'in linguistics class a few semesters back we had a lecture on the characteristics of human language. one of the coolest things that separates human speech from bird calls is the concept of lying. irrealis, it's called. the ability to think about things that aren't real right now. the future. the past. nightmares. fictions. goals. lies.' - a.c. april 24, 2006
here were are, on the edge between not yet and already. what are we doing here? what are we thinking we'll get away with? where are we imagining we'll wander off to?
this article about pretending and games that are barely games has been coming back to me over the past few days. it has reminded me in more than one way of that crazy old Linguistics professor.
I love what Mr.
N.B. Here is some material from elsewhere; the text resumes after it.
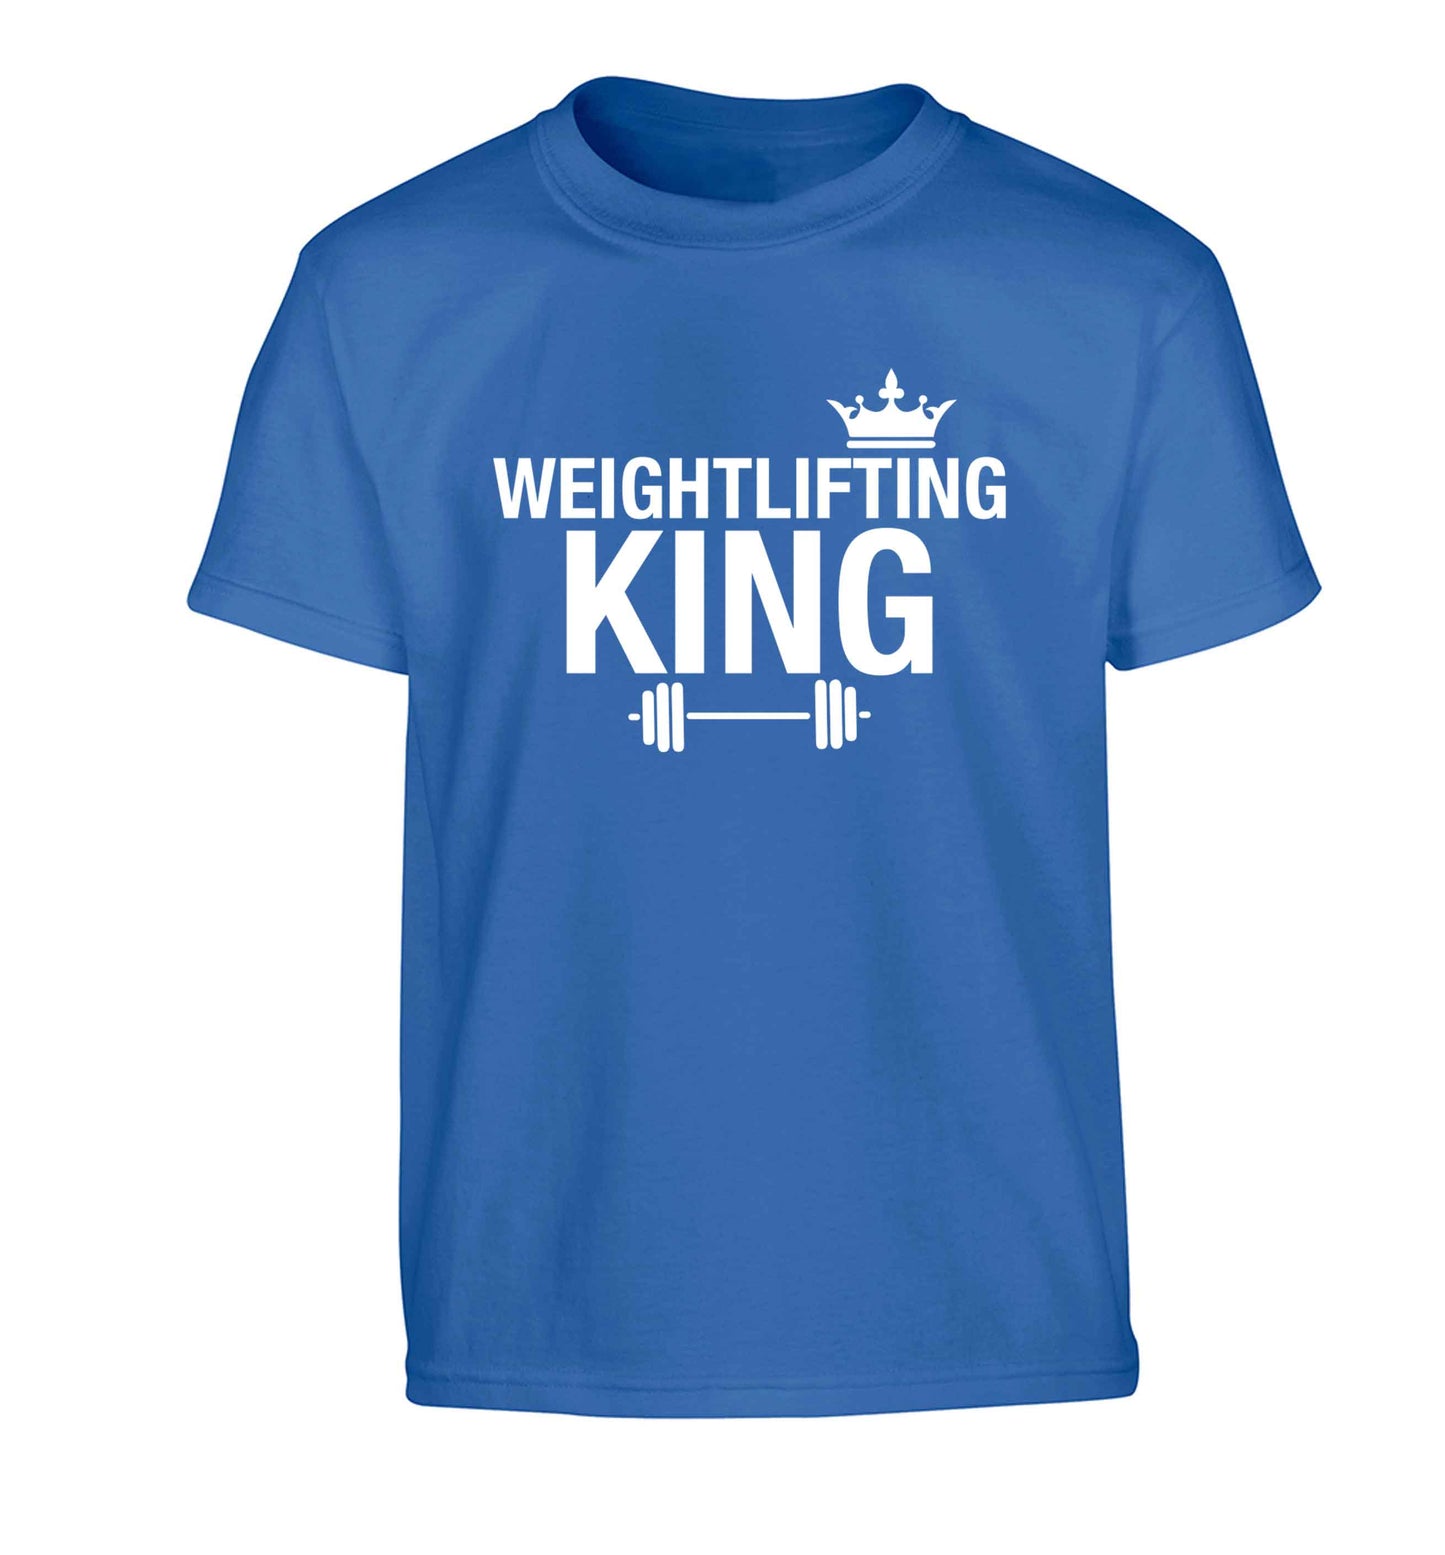 Weightlifting king Children's blue Tshirt 12-13 Years

Davies says about edges. betweenness. overlap. 'Pretending is something you do with a bit of your brain, with the edges. It's a thing of inattention, not concentration.'
and that's how it becomes such a part of us. that's how while I'm reciting to my roommate this silly little fairy tale I read on wikisource last evening, she can be daydreaming about what the pair of us might do if some frightening person attacked us as we turned the corner. it's everything that isn't real, but somehow it perfectly solidifies everything that really is.
somebody once told me that actors, and actresses, were more likely to be surer of their real self underneath all the costumes. they had to be just a little bit more real than anyone else, just so they wouldn't lose themselves in all the pretending. I suppose the same principle may apply to the rest of us: pretending sharpens the edges, the contrasts of our reality. is that true?
'We don't need many cues to help us pretend. We'll find meaning in the noisiest noise - just give us a tiny signal and we'll come up with a message.' - r.d.